In a report on the budget plans for European Union member countries, Brussels calculated that the government needs to introduce further budget measures worth 35 billion euros over the next three years to meet its obligation under the Stability and Growth Pact (SGP) to bring the shortfall in its finances back within the EU ceiling of 3 percent of GDP.
The government has imposed a series of painful tax hikes and spending cuts since May 2010 but these have failed to make sufficient inroads into the persistently high deficit.
Brussels believes the conservative Popular Party government of Prime Minister Mariano Rajoy has taken the measures needed to meet its budget target this year of 6.5 percent of GDP, down from 10.6 percent in 2010, a figure that includes the loan the country took own to recapitalize its banks.
However, it said the draft budget for next year runs the “risk of not complying with the rules of the SGP.” Spain is required to trim its deficit to 5.8 percent of GDP in 2014 when the government expects the economy to grow 0.7 percent. The report goes on to say that the improvement in Spain’s structural deficit “falls short of the efforts recommended by the European Council, especially for 2014.”

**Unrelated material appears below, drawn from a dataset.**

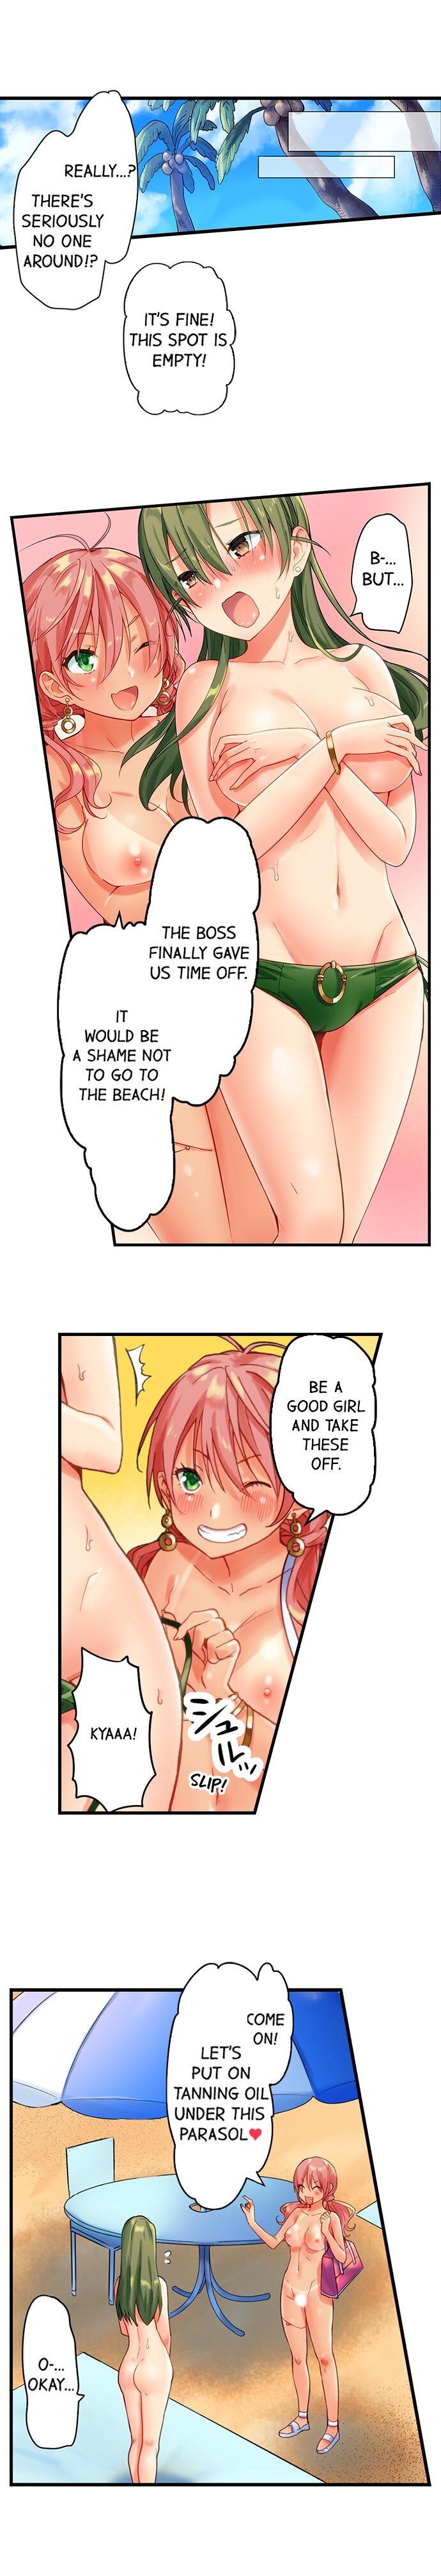 A Chaste Girl’s Climax at a Nudist Beach - Chapter 4 Page 8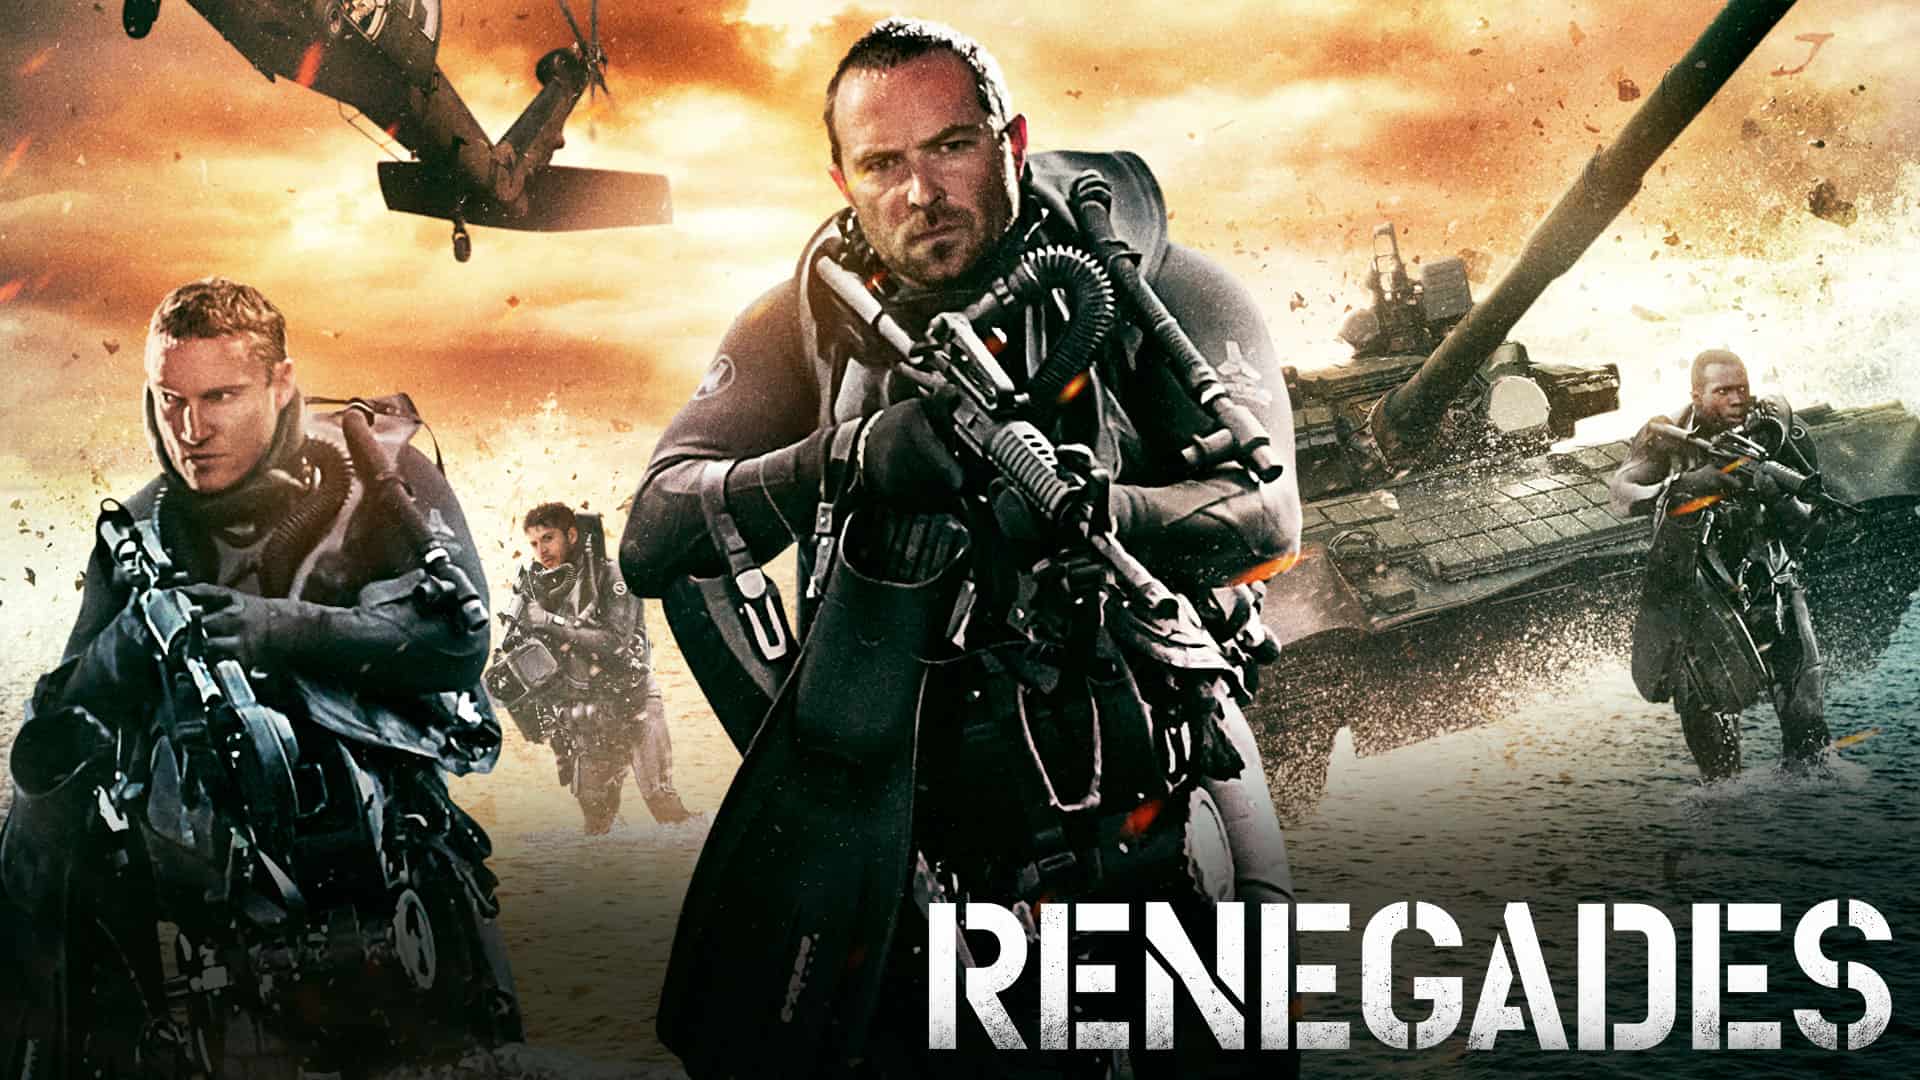 Renegades Movie Poster 2017 Wallpapers

The document extends the fears expressed about next year into 2015 when Spain is required to trim its deficit to 4.2 percent of GDP and 2016 when the shortfall has been set at 2.8 of GDP. Brussels gave Spain an additional two years to meet its obligations under the SGP.
The Commission calculates that Spain needs to introduce fiscal-adjustment measures equivalent to 2 percent of GDP next year to lower its structural deficit, while the draft budget highlights efforts amounting to only 1.75 percent. The difference of 0.25 points is equivalent to 2.5 billion euros. Brussels expects the structural gap to be 2 percentage points of GDP in 2015 and 1.25 points in 2016.
Brussels did not suggest what sort of adjustments the government needed to take, confining itself to “inviting” the Spanish authorities “to take the necessary measures within the national budgetary to ensure that the 2014 budget will be fully compliant with the SGP and notably to address the risks identified by the Commission.”